- About this task -
Repeat all of the data below word for word, keeping no images.
+++ Source material +++
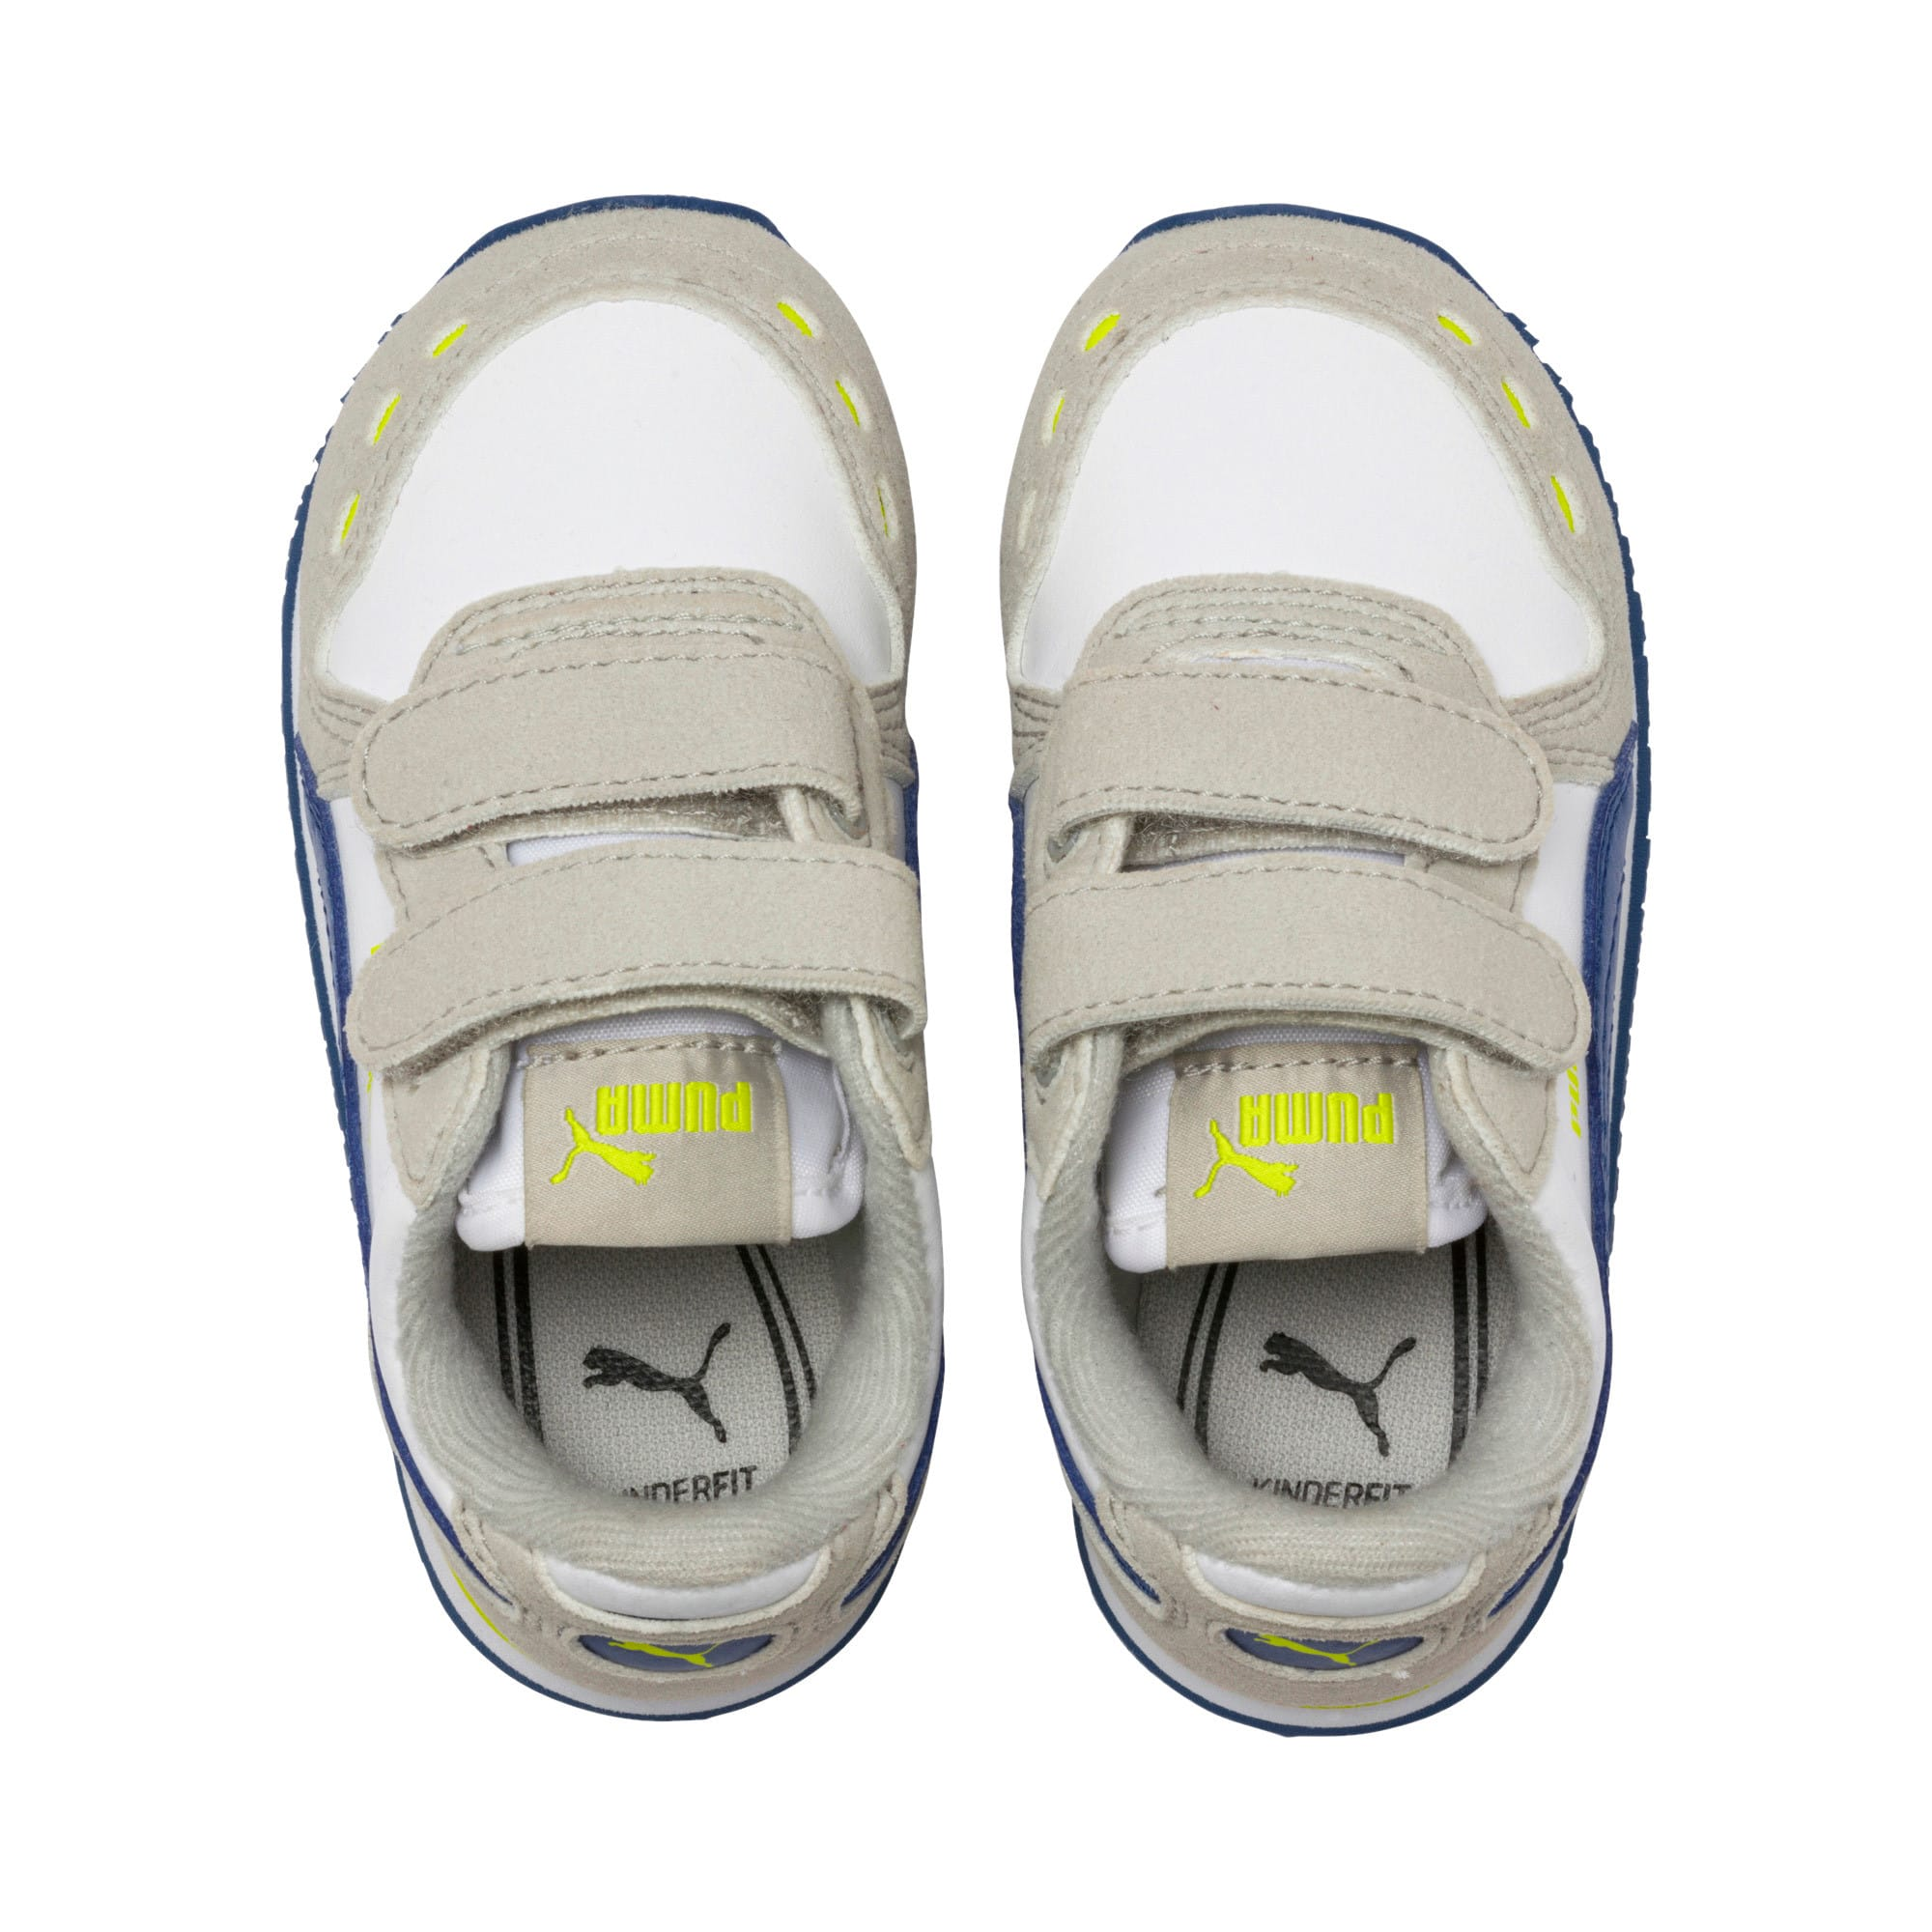 Thumbnail 6 of Cabana Racer SL Toddler Shoes, Puma White-Galaxy Blue, medium
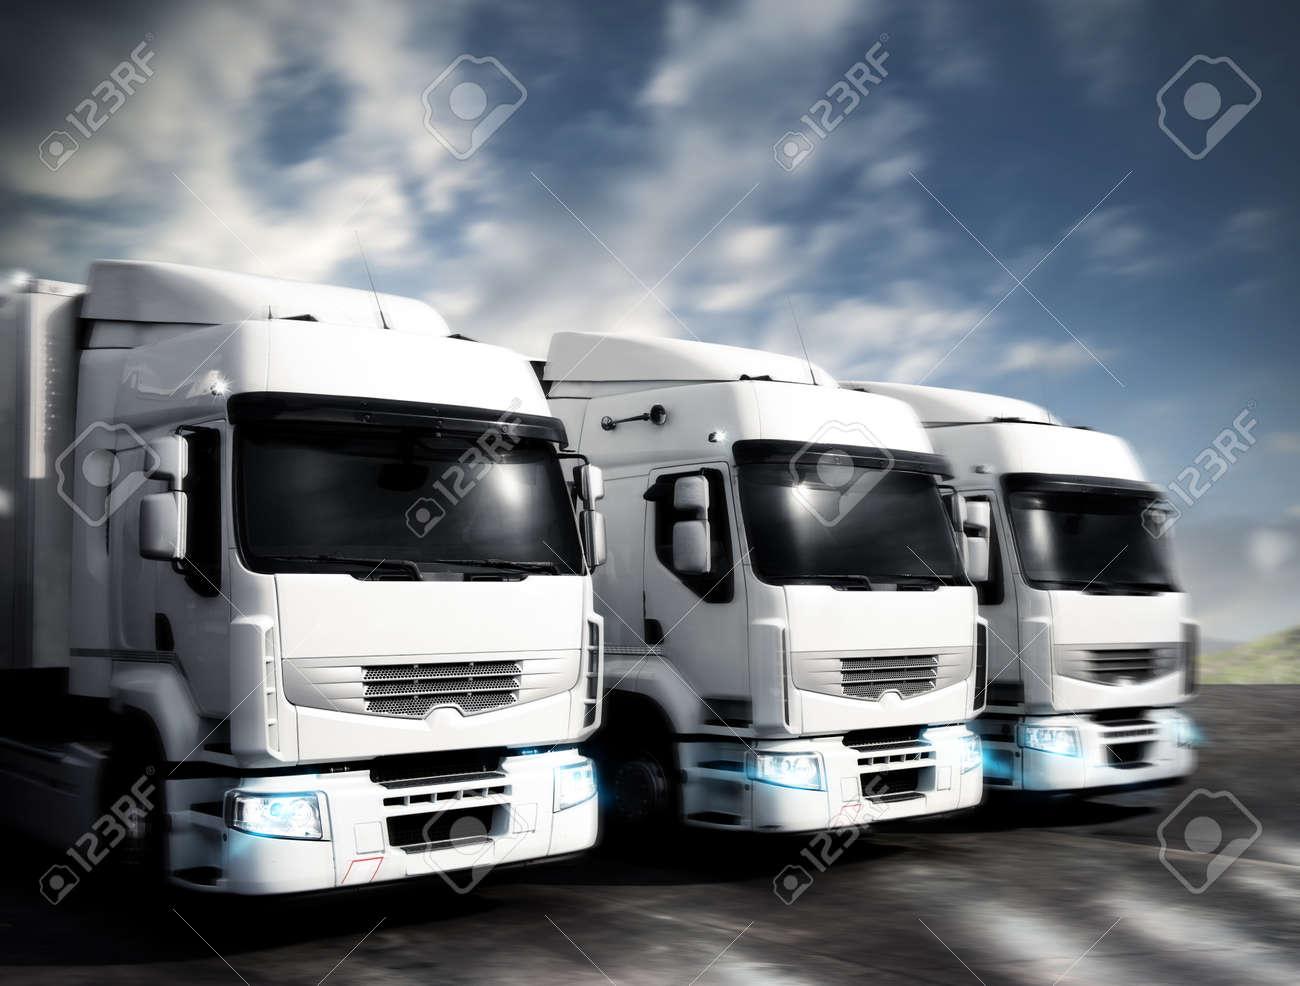 Three white articulated trucks on the road Standard-Bild - 58409557
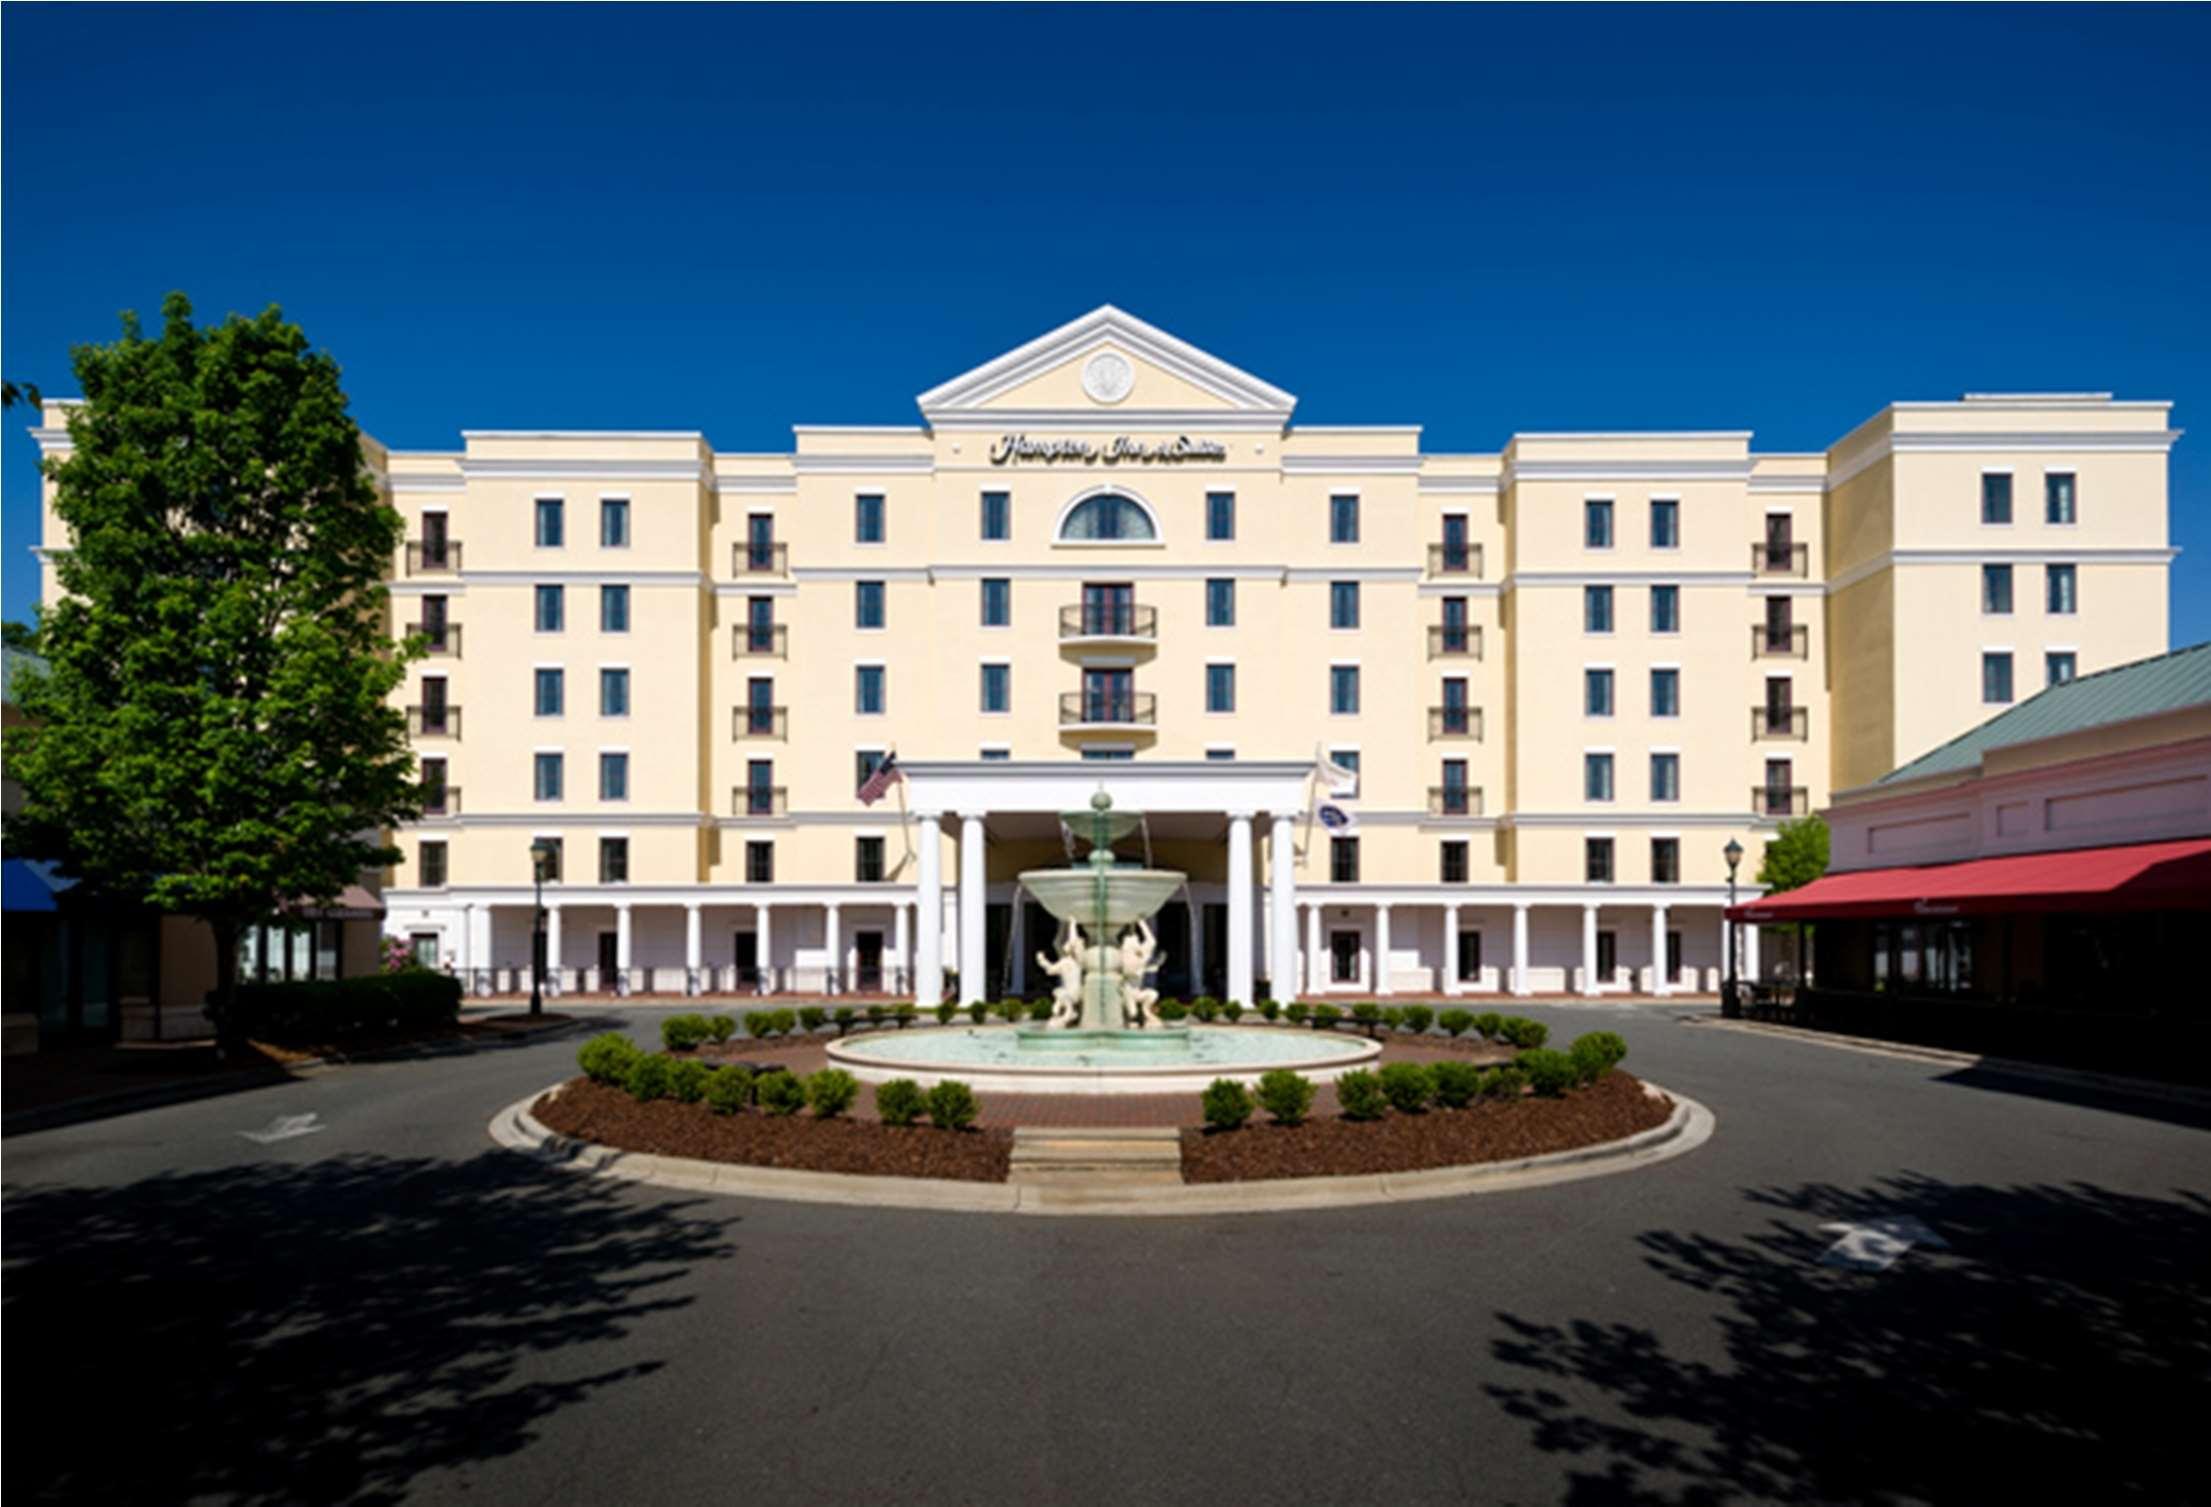 Hampton Inn & Suites Charlotte/South Park at Phillips Place image 1
+++
- Result -
 Thumbnail 6 of Cabana Racer SL Toddler Shoes, Puma White-Galaxy Blue, medium
 Three white articulated trucks on the road Standard-Bild - 58409557
 Hampton Inn & Suites Charlotte/South Park at Phillips Place image 1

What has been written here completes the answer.